*** Opening of DATA SHOWN ***

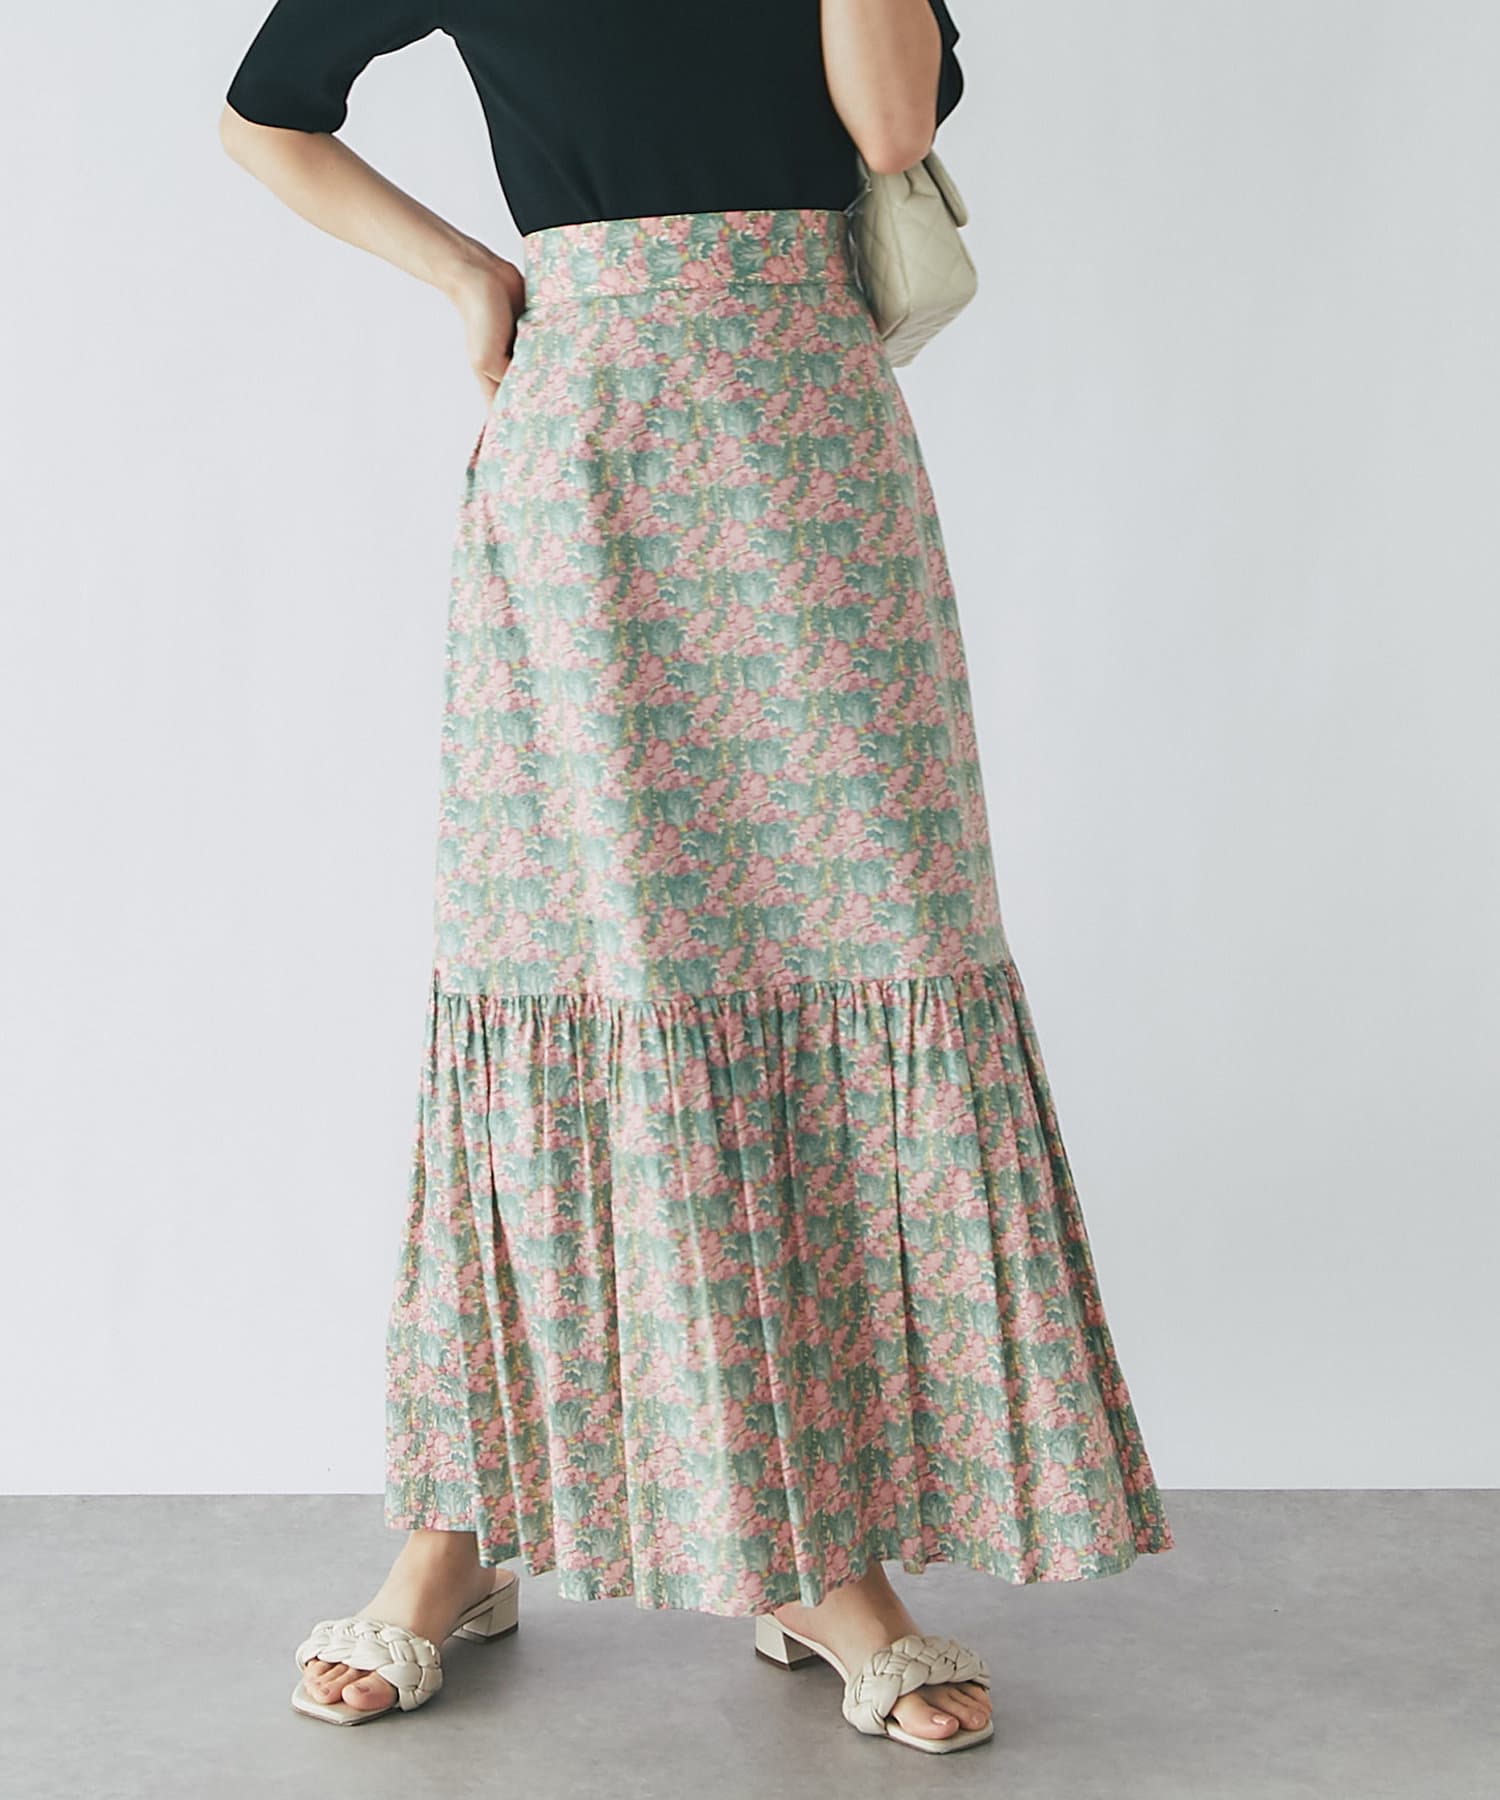 大量購入用 LUCA malla 花柄リボン付きマキシスカートです☆ - スカート
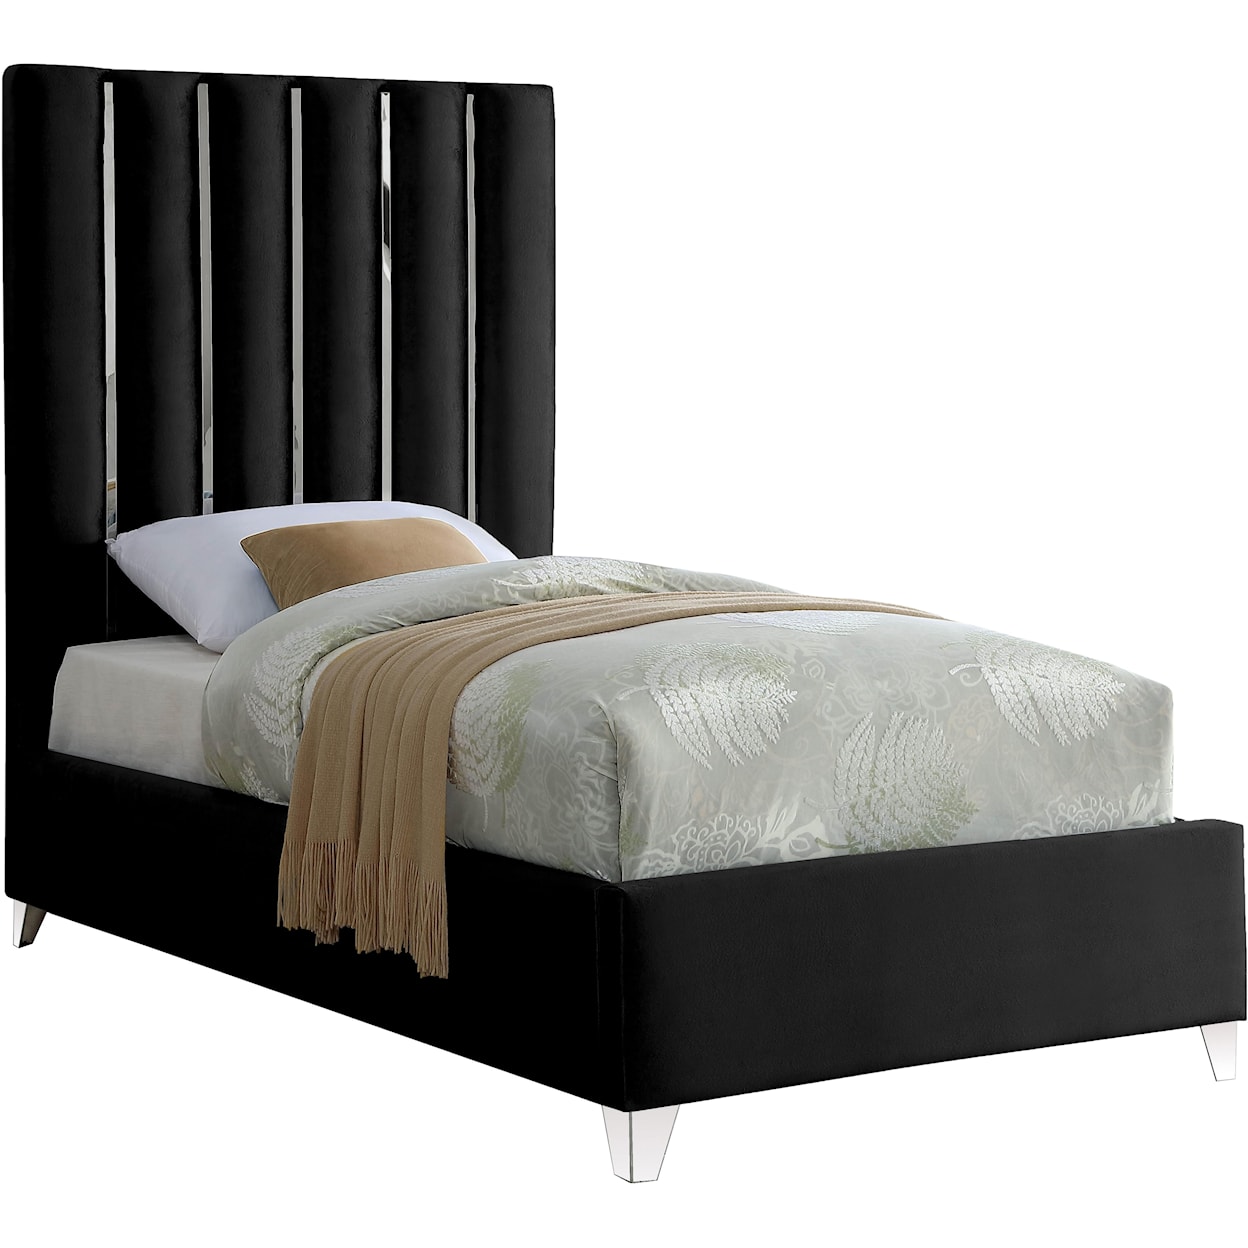 Meridian Furniture Enzo Twin Bed
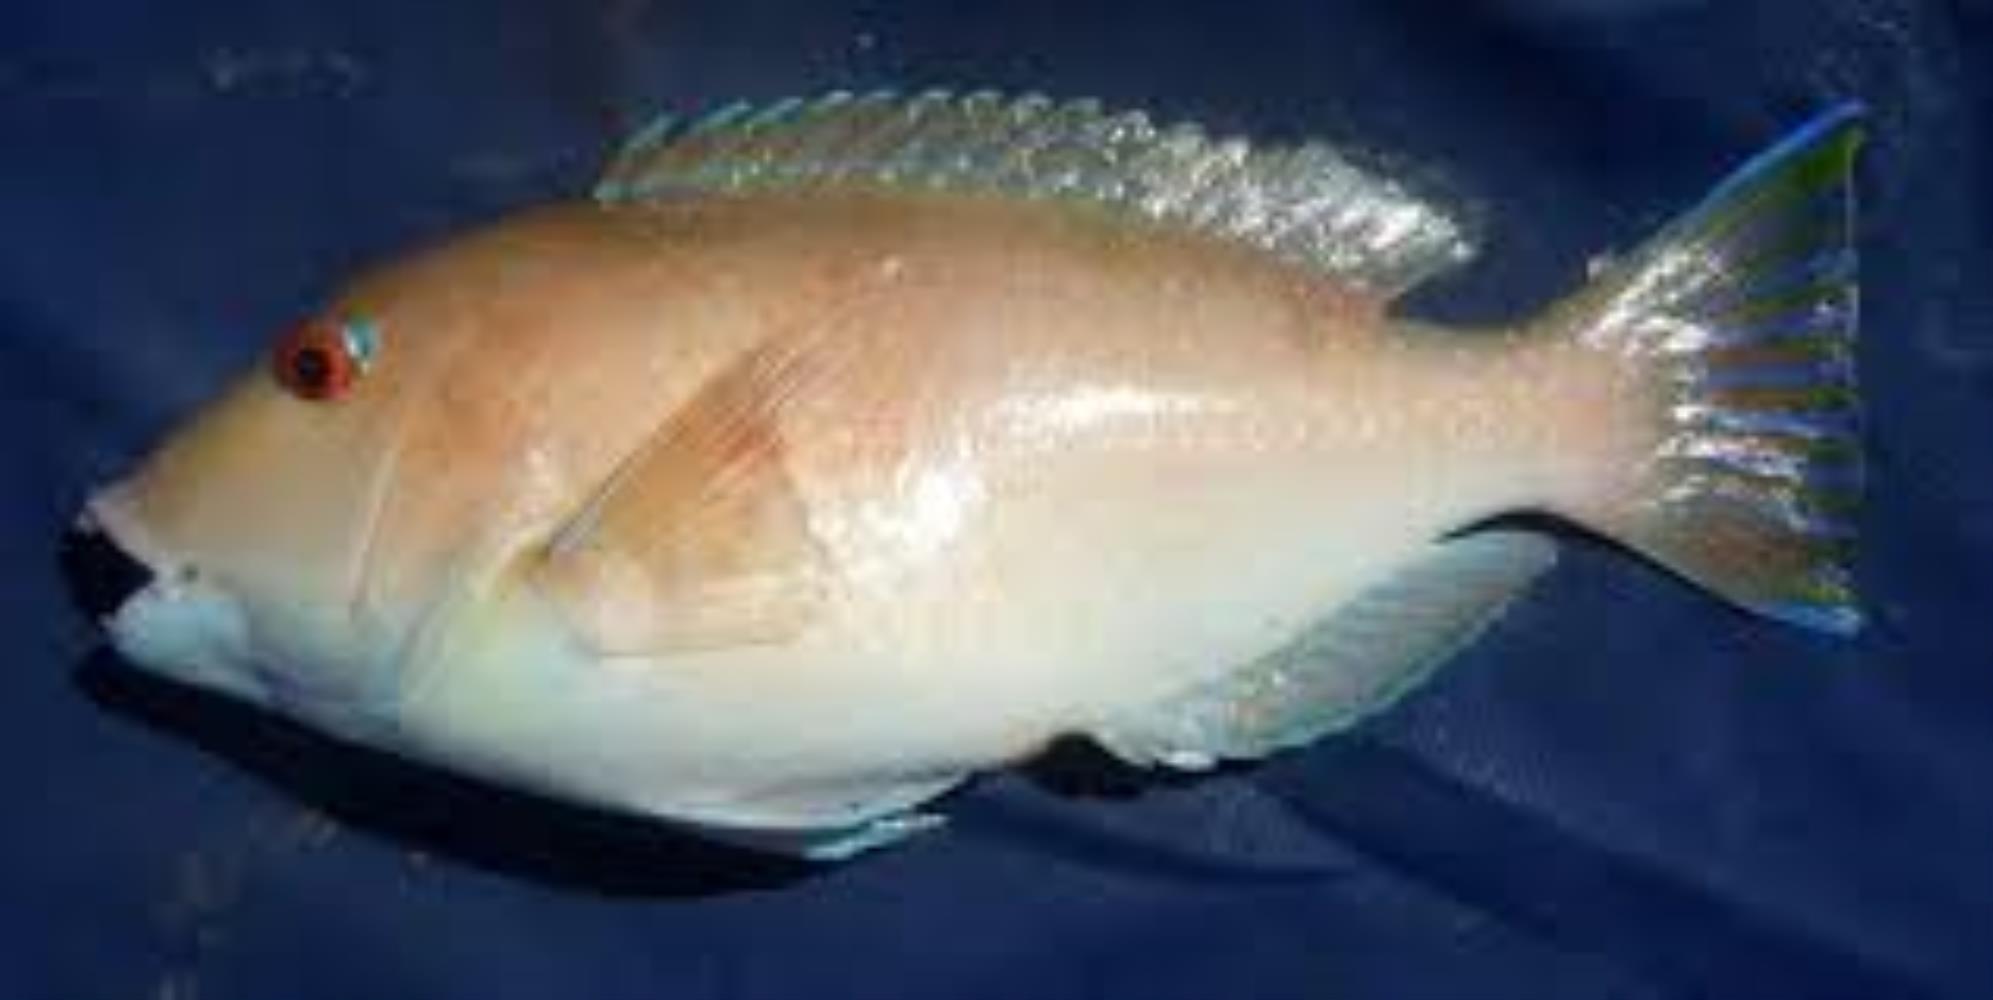 Venus Tuskfish

*** Close of DATA SHOWN ***

— WORK TO BE COMPLETED —
The copy must match the listing above exactly but contain no pictures.

— SOLUTION FOR THIS TASK —
 大量購入用 LUCA malla 花柄リボン付きマキシスカートです☆ - スカート
 Meridian Furniture Enzo Twin Bed
 Venus Tuskfish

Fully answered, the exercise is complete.